100ma and over is considered lethal whatever the source.
Al.

[mcphill]

VERY helpful, thanks. Not sure of the usefulness until I digest it longer.

I do have to say I don't believe the Torque Output curve presented. It just does not match with my "gut feel" experience. Can you suggest a way to challenge/test those values safely? My impression is the curve looks much more like the 1 HP AC Conventional shape shown in the graph (or maybe the 1.5 hp vector).

[mcphill]

Sounds like all the more reason to post ALL the pinouts... In the name of safety.

[Al_The_Man]

If you got a low voltage, high current shock, well, you would have nothing to say on the topic, ever again.
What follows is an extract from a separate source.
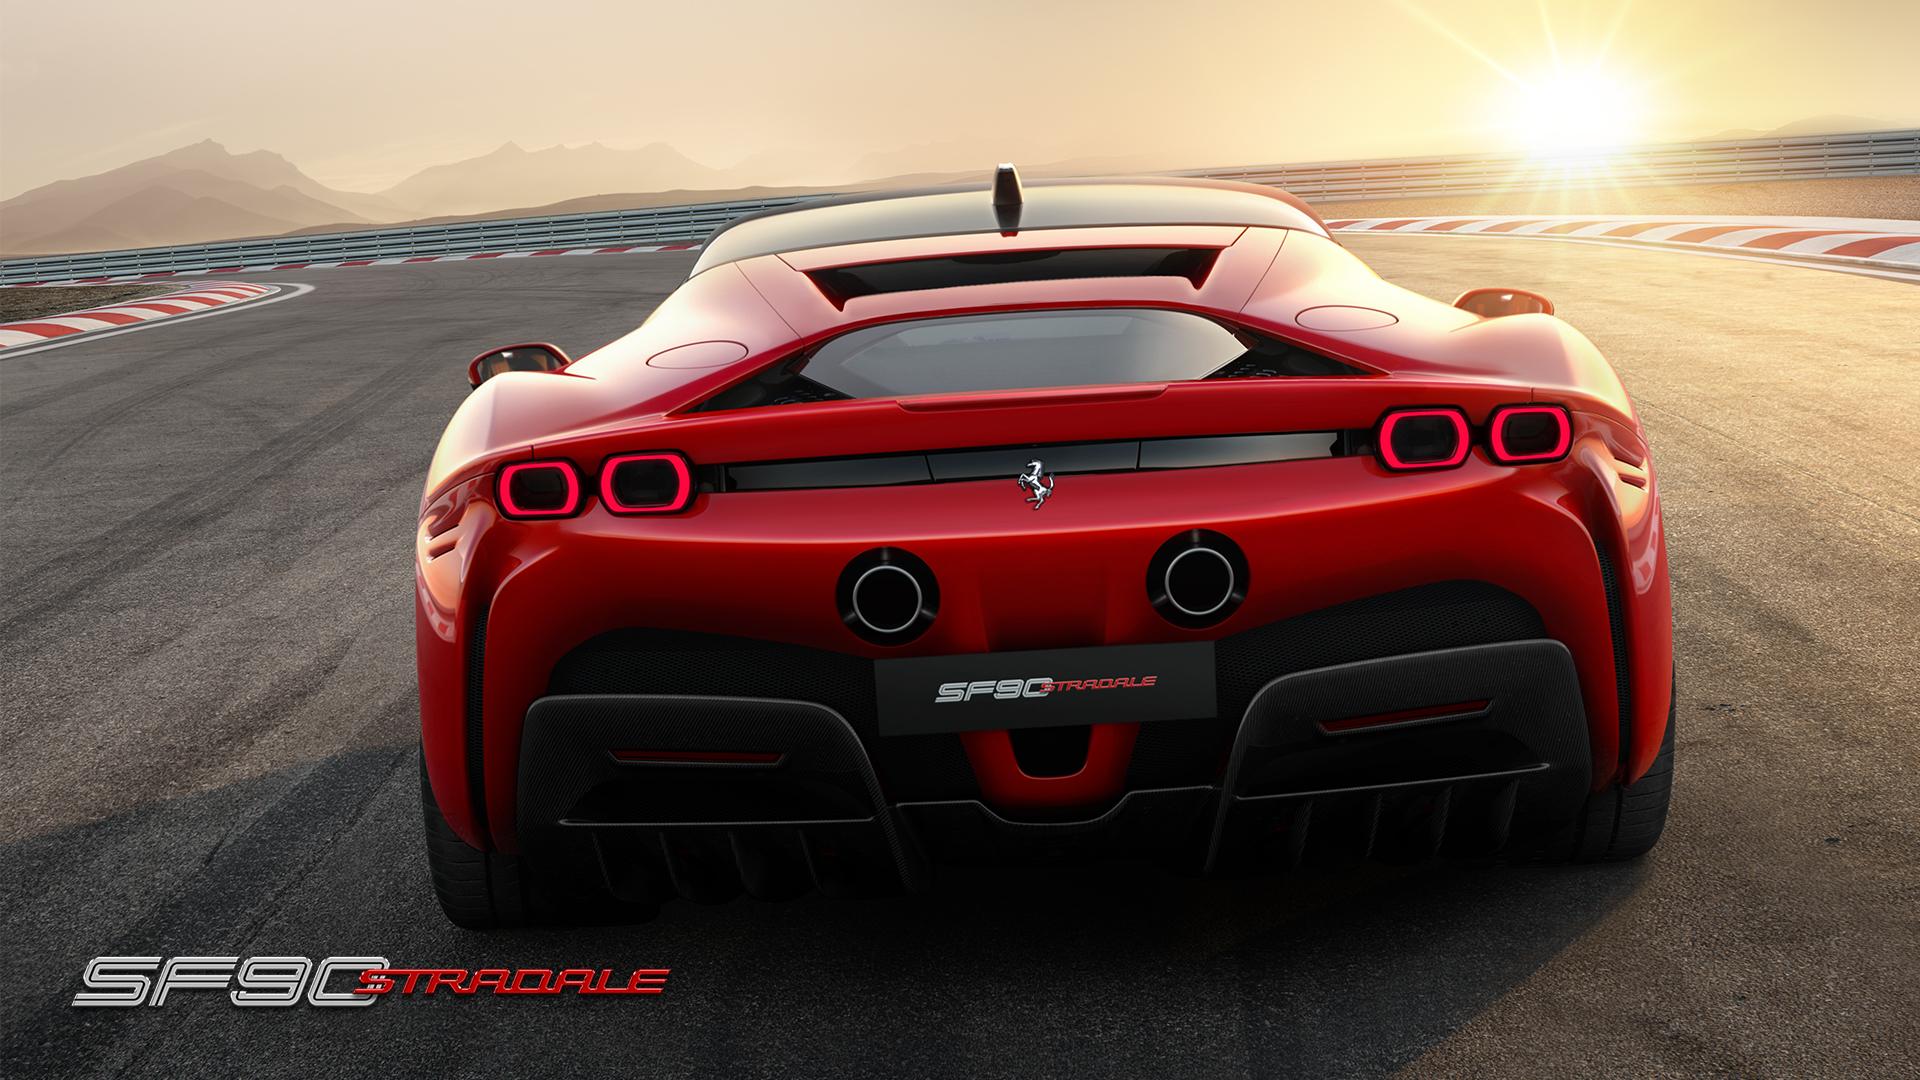 Ferrari SF90 Stradale rear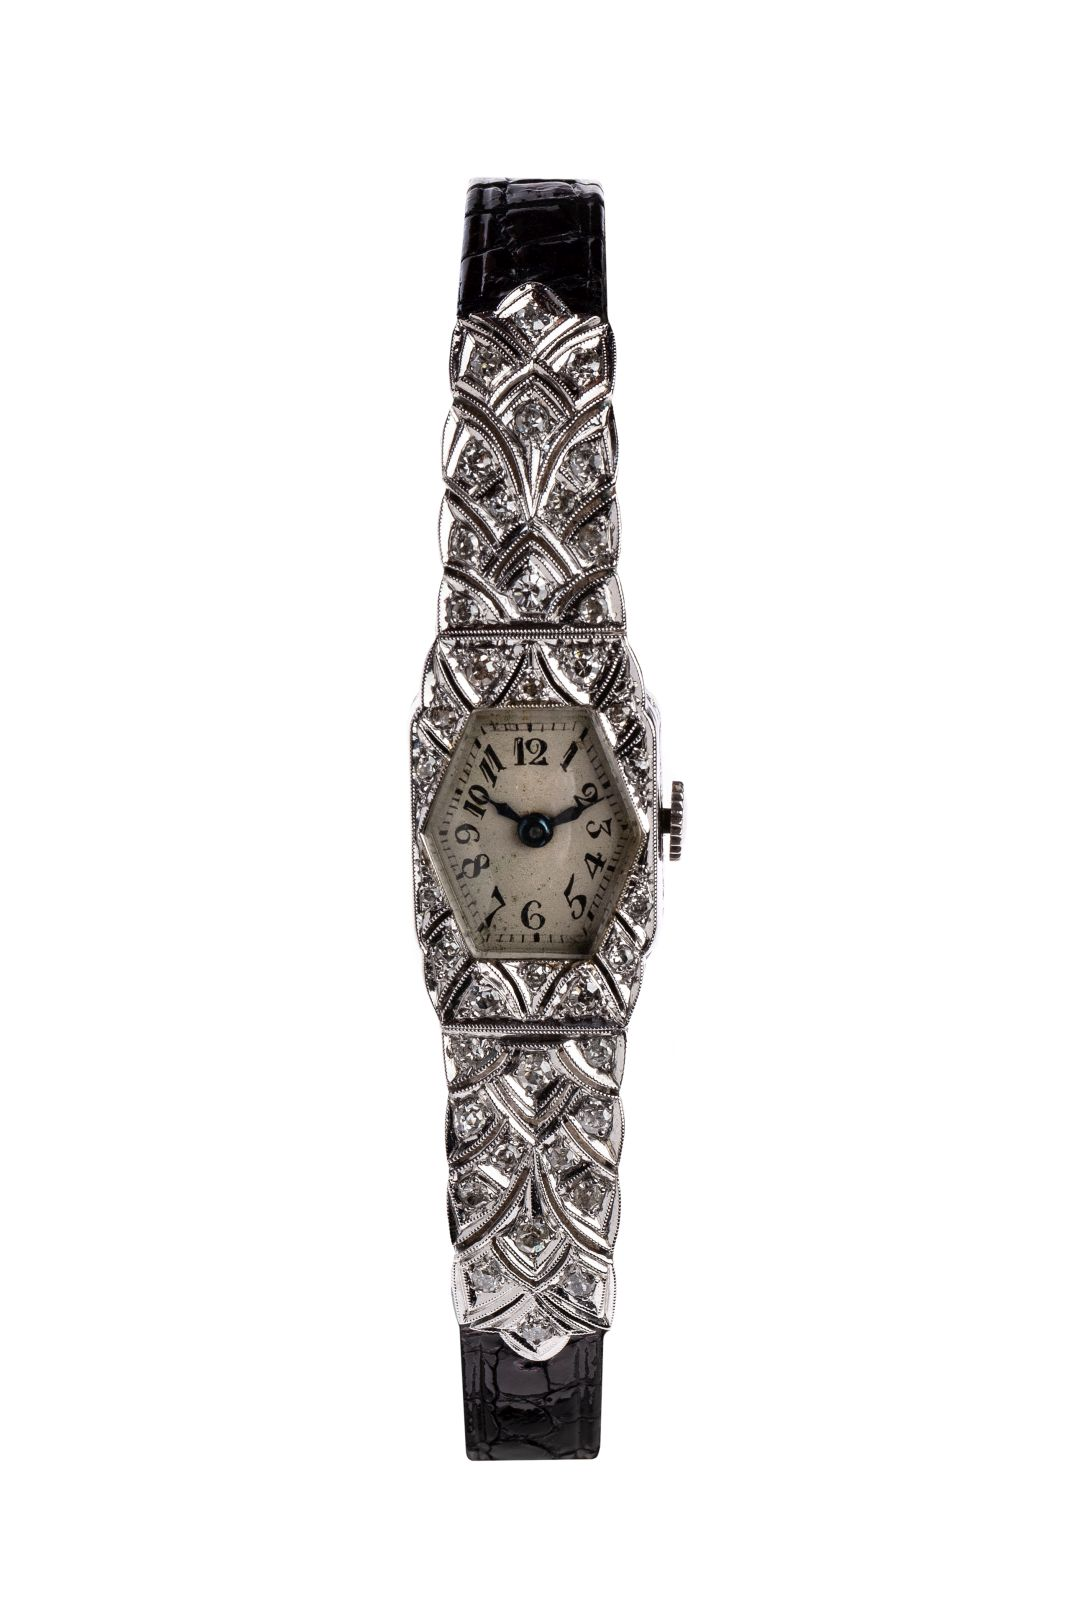 #26 Art Deco watch with stone setting | Art Deco Armbanduhr mit Steinbesatz Image

After 50+ years in the electrical/industrial electronic business I have lost track of the zaps I have had from just about every source there is.
Al.

[slowtwitch]

Looking at the new specs..Version 3. I see that you have changed the spindle board and motor.

[MIKINI MECH]

The only place that DC HV is present in the system is on the 3 output pins of the spindle drives. Worth documenting this in the machine schematic as well as warnings on the physical drive itself, which is a good suggestion

Mikini Mechatronics, LLC

Sounds like all the more reason to post ALL the pinouts... In the name of safety.

[MIKINI MECH]

We're not aware of a simple, low cost, safe, and accurate way to test what you are requesting.

We test our systems (and have done so of others) extensively to generate the data behind the charts we publish. We posted at length how the drive can be tested for input and output. It requires a huge investment in test equipment and setup, as documented. We're here to help, if you wish to do so.

If you wish to focus on the output side, testing could be done alone ignoring the input metrics. It will still require a constant torque brake, of less than 5 lbs inertia, with torque or ideally power (Rpm and torque) monitoring, capable of the amount of power dissipation at the rate (RPM), Power, and duty cycle you wish to test to. Essentially a low inertia, 5000 RPM, 3 HP+ dyno. The other issue is ensuring you don't damage spindle or axial bearing systems in doing so. Still not a simple thing to do.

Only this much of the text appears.